• [Problem to work on]: The answer must be only the lines below from the one holding "This is my reading doormat 1" down to the one holding "Silver Taxi |", ends included, printed exactly; please omit all pictures.

• [Available data]:

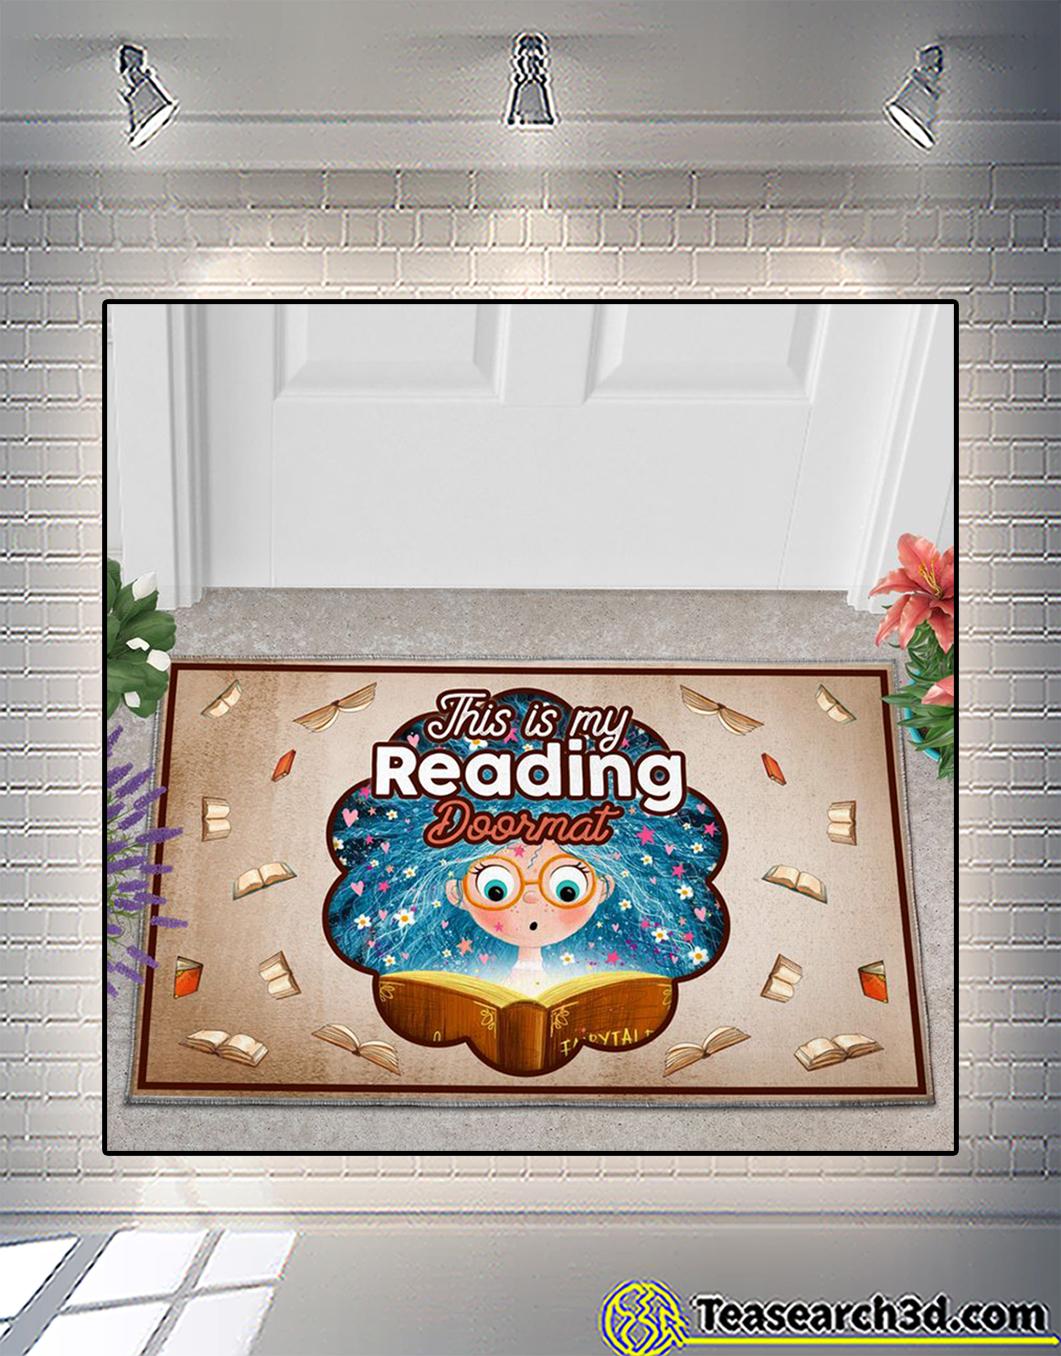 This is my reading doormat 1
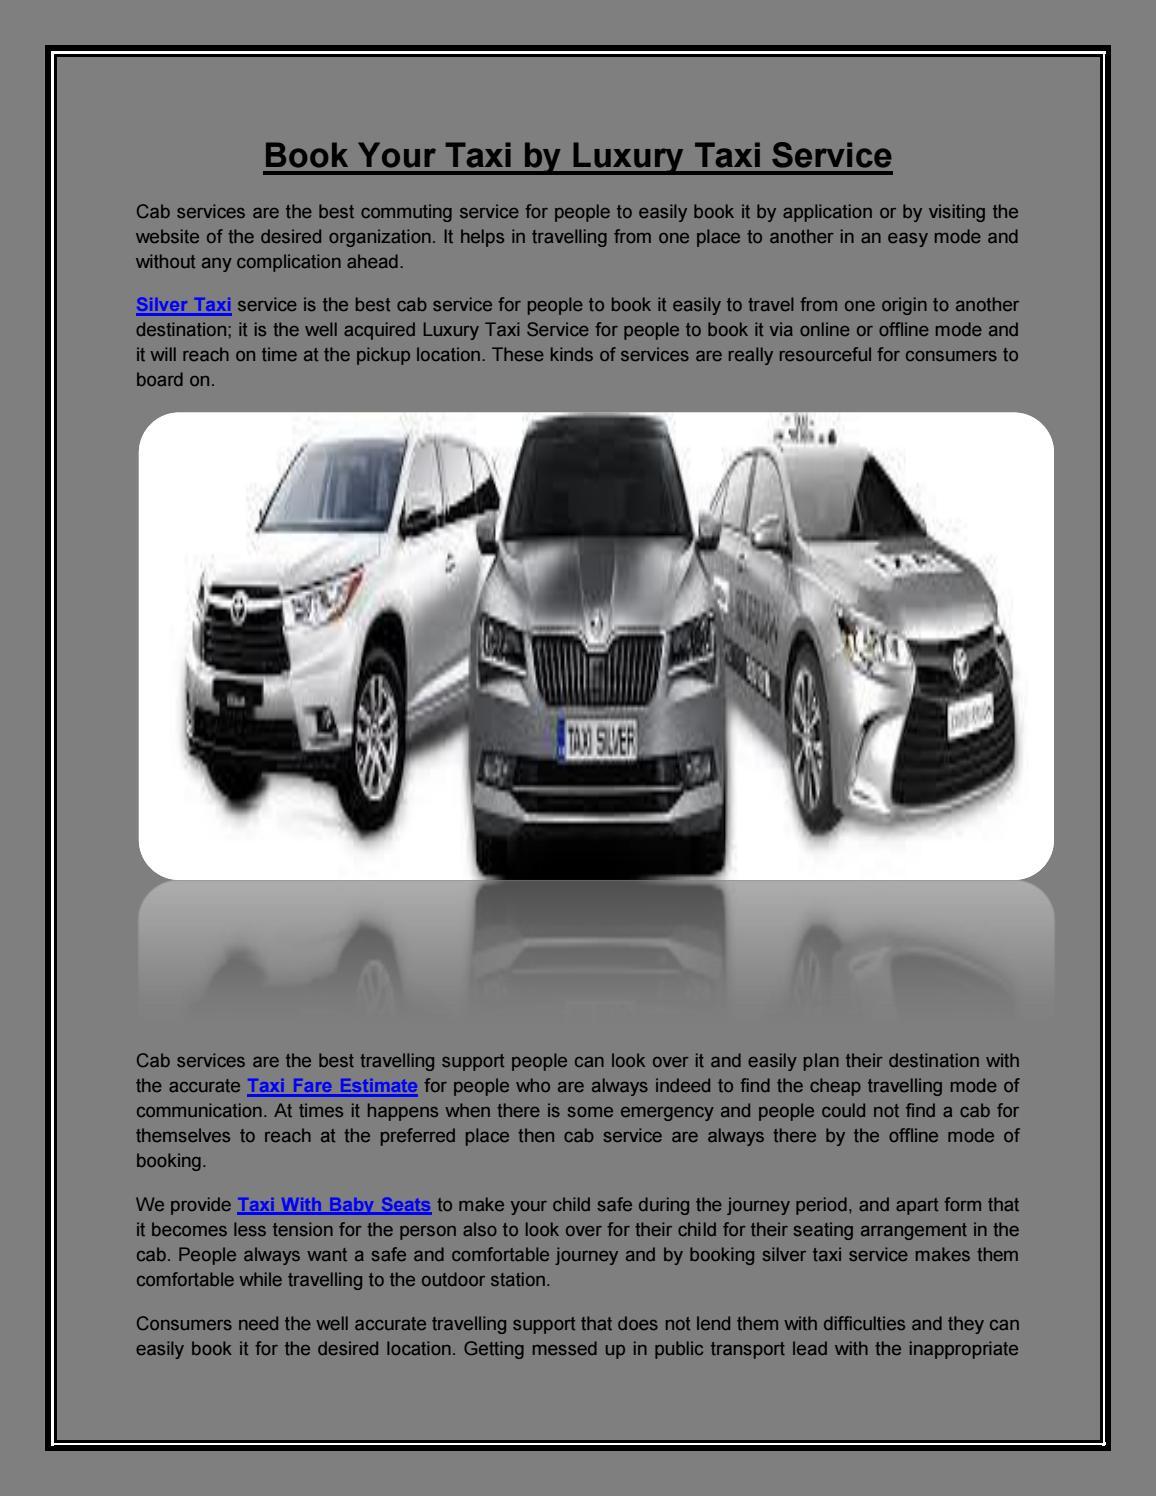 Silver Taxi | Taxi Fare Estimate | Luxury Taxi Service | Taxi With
==
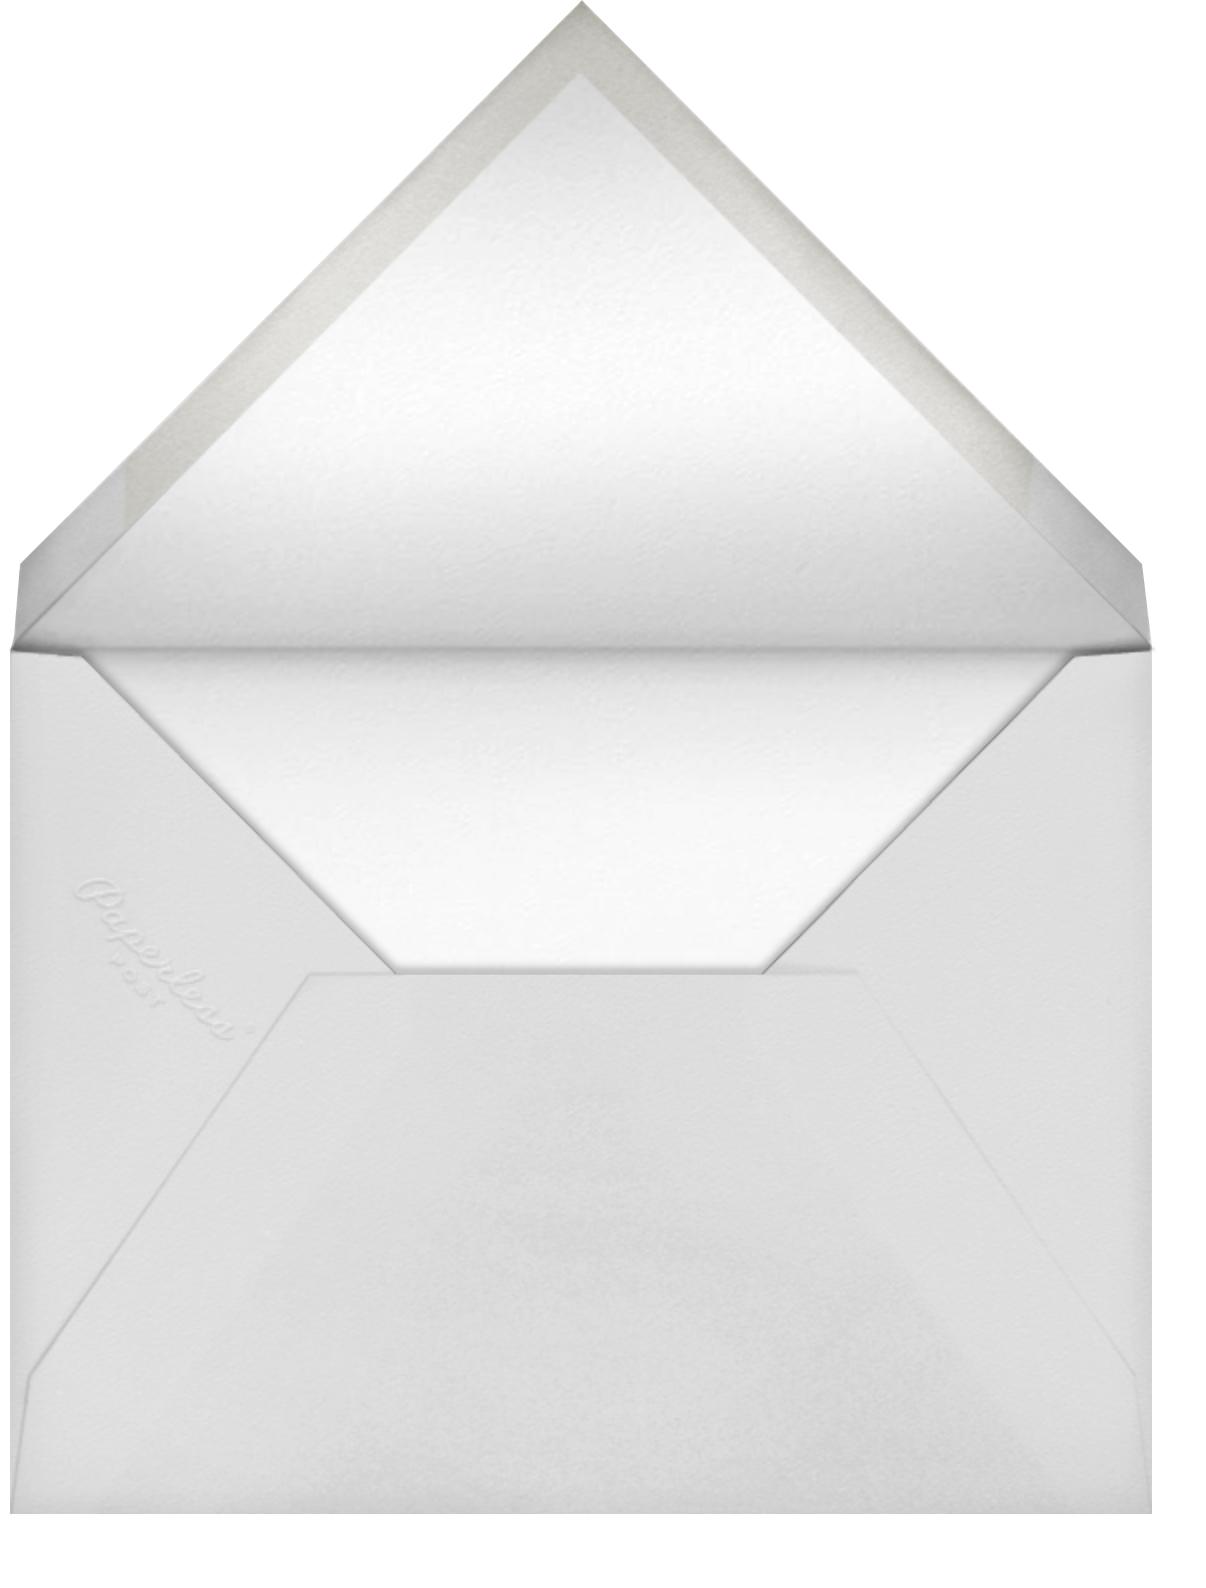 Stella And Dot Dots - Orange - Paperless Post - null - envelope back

• [Your solution]:
 This is my reading doormat 1
 Silver Taxi | Taxi Fare Estimate | Luxury Taxi Service | Taxi With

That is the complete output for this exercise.